The proxy filing considers Google a Wal-Mart supplier—which is literally true, given that Wal-Mart buys Google ads—but considers Mayer’s involvement in those purchases to be trivial enough to not create a material relationship with Wal-Mart.
“The board considered (Mayer’s) position as an officer of and a less than one percent equity owner of Google. During fiscal 2012, Wal-Mart paid Google for advertising space on Google’s Web sites amounts that represented less than one percent of Google’s 2011 revenues,” the proxy said. “Wal-Mart anticipates that it will purchase advertising space on Google’s Web sites during fiscal 2012. Ms. Mayer has not been and is not currently involved in any transaction between Wal-Mart and Google.”
The point of a board—especially one controlling the world’s largest retailer, with $444 billion in annual sales—is to properly position the company for the future and to provide opinions from folk who are removed from the day-to-day operations. It could be argued that Wal-Mart’s board needed to be broadened some time ago, before it waded so deeply into mobile and social endeavors.

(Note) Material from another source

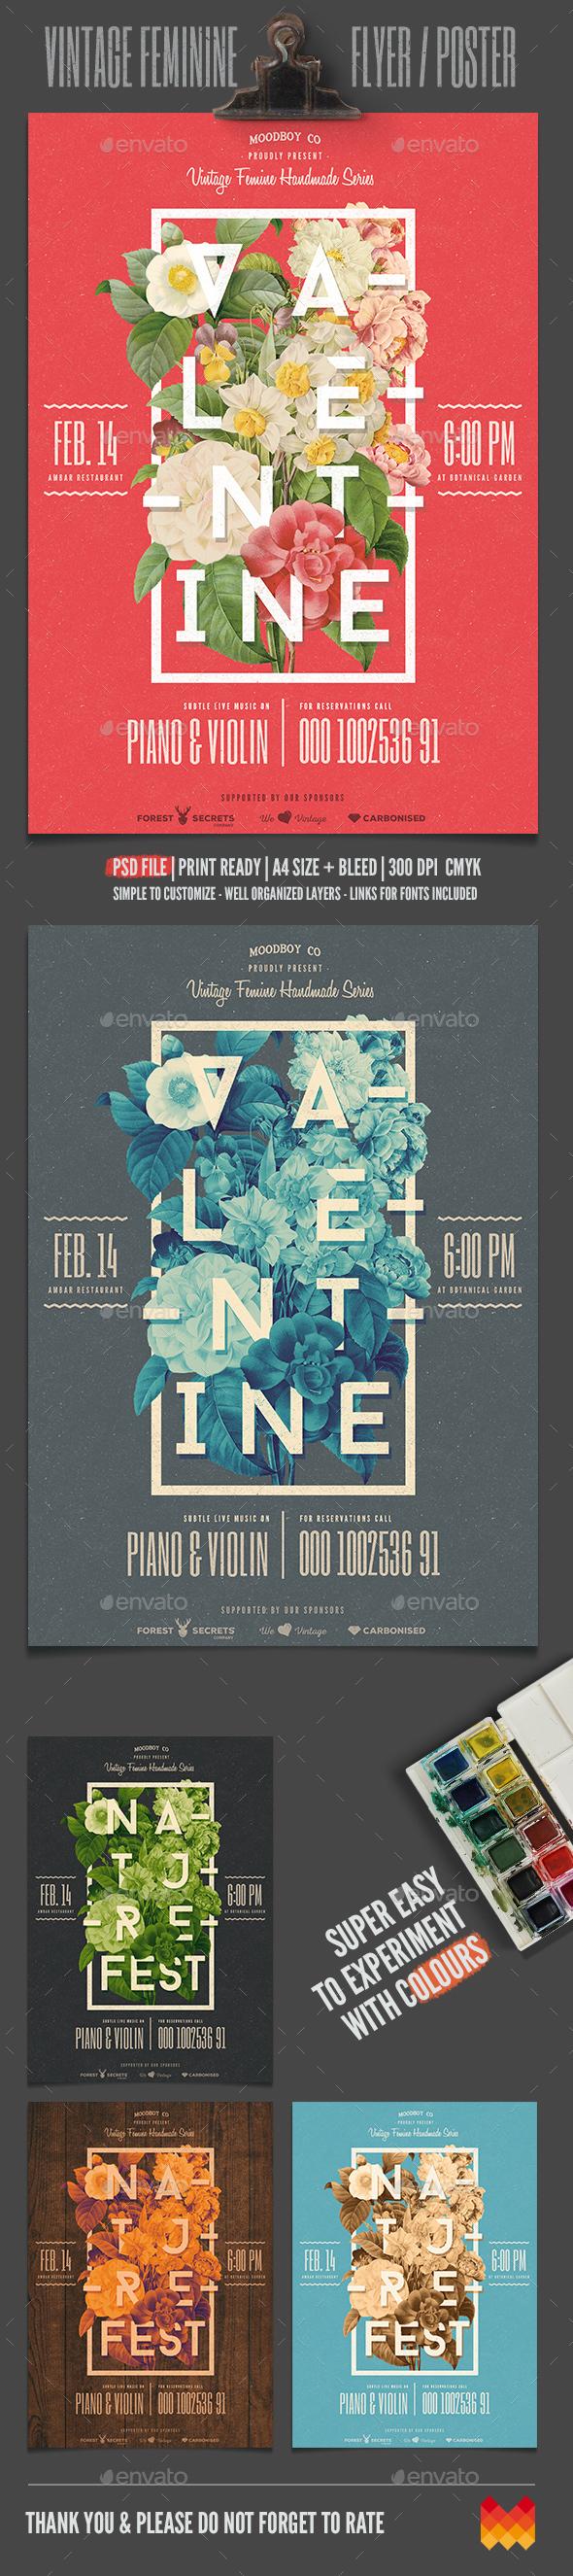 Vintage Feminine Flyer/Poster - Events Flyers

The chain’s social efforts—best illustrated by the $300 million used to buy Kosmix and its CEO, veteran entrepreneur Venky Harinarayan—have been impressive, but it feels like the tomato sauce against the wall strategy (throw everything up there and see what sticks). Harinarayan’s initial vision for the business—especially efforts to intersect social, mobile, online and, in particular, in-store—seems ideal and the chain’s social calendar acquisition is actually deeply clever, if you truly explore the integration possibilities. Its well-publicized move to recruit suppliers by holding a contest to get shelf space was a delicious approach to stealth customer engagement.
But there are huge hurdles. Wal-Mart’s Angry Birds campaign last month was pure tactical and suffered from a lack of big-picture depth. And lots of retailers—although not Wal-Mart, interestingly—have found that their core Facebook sites have been hardly worth the effort.
The problem is twofold. First, will Google’s Mayer be able to properly spot and effectively articulate where Wal-Mart needs to go? Unfortunately, that’s only one-sixteenth the battle. The second issue: Will she be able to persuade most of the other 15 board members to go along?